Jan. 6 Committee Strikes Deal With White House to Shield Trump-Era Docs Related to National Security

The House committee investigating the January 6 Capitol riot agreed to defer its request for hundreds of pages of White House records at the request of the Biden administration, The Associated Press reports.

President Joe Biden declined to invoke executive privilege over most Trump White House information but his White House raised concerns that releasing all of the documents could compromise national security and executive privilege.

The agreement was noted in a December 16 letter from the White House counsel’s office.

The agreement largely shield records that are not directly related to the events of January 6 but were included in the committee’s request.
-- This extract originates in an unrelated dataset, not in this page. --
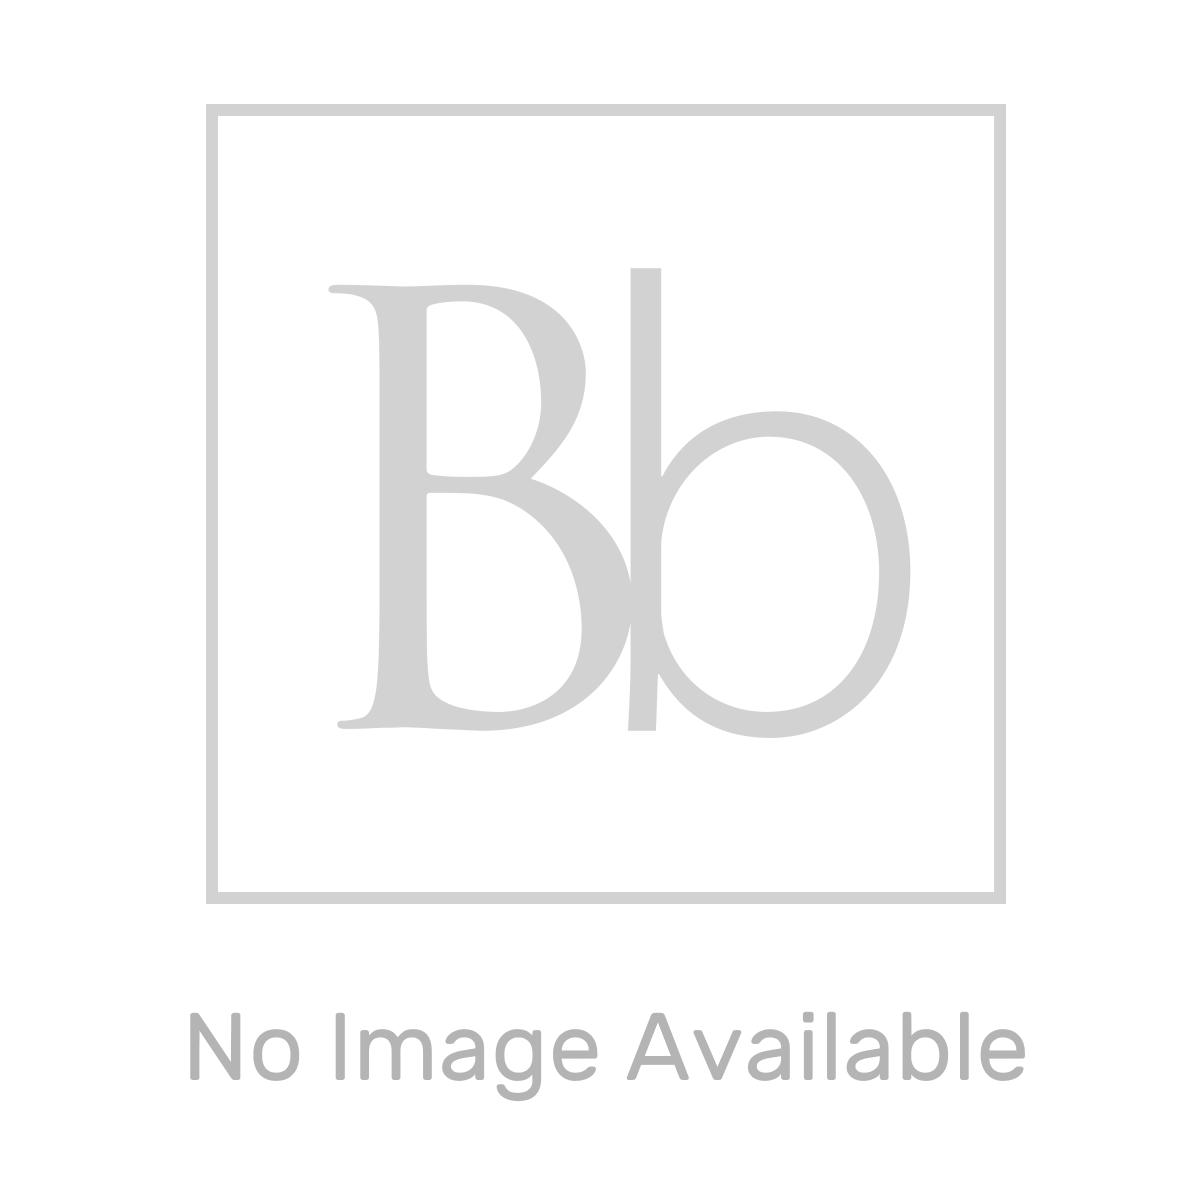 Kartell Astley Matt Grey End Bath Panel 700mm

Dozens of pages created on January 6 don’t relate to the probe while other documents include sensitive deliberations and preparations by the National Security Council. Other documents are classified and Congress is working with federal agencies to discuss their release.

“Should not compromise” investigation:

“The documents for which the Select Committee has agreed to withdraw or defer its request do not appear to bear on the White House’s preparations for or response to the events of January 6, or on efforts to overturn the election or otherwise obstruct the peaceful transfer of power,” White House deputy counsel Jonathan Su wrote to the committee, noting that shielding the documents "should not compromise its ability to complete its critical investigation expeditiously.”

Committee spokesman Tim Mulvey told the AP, “The committee has agreed to defer action on certain records as part of the accommodations process, as was the case with an earlier tranche of records. The Select Committee has not withdrawn its request for these records and will continue to engage with the executive branch to ensure the committee gets access to all the information relevant to our probe.”

Other records still being litigated:

Biden declined to invoke executive privilege over most of the White House materials sought by the panel but Trump is suing under the dubious argument that past presidents retain executive privilege. Every court has rejected Trump’s argument so far but he has appealed to the conservative-packed Supreme Court.

The National Archives has been sending “tranches” of documents to the White House and Trump’s lawyers to determine whether they include privileged information. Biden has ruled out invoking privilege over most of the documents.

“The President has determined that an assertion of executive privilege is not in the best interests of the United States, and therefore is not justified,” White House counsel Dana Remus said in a letter to the committee.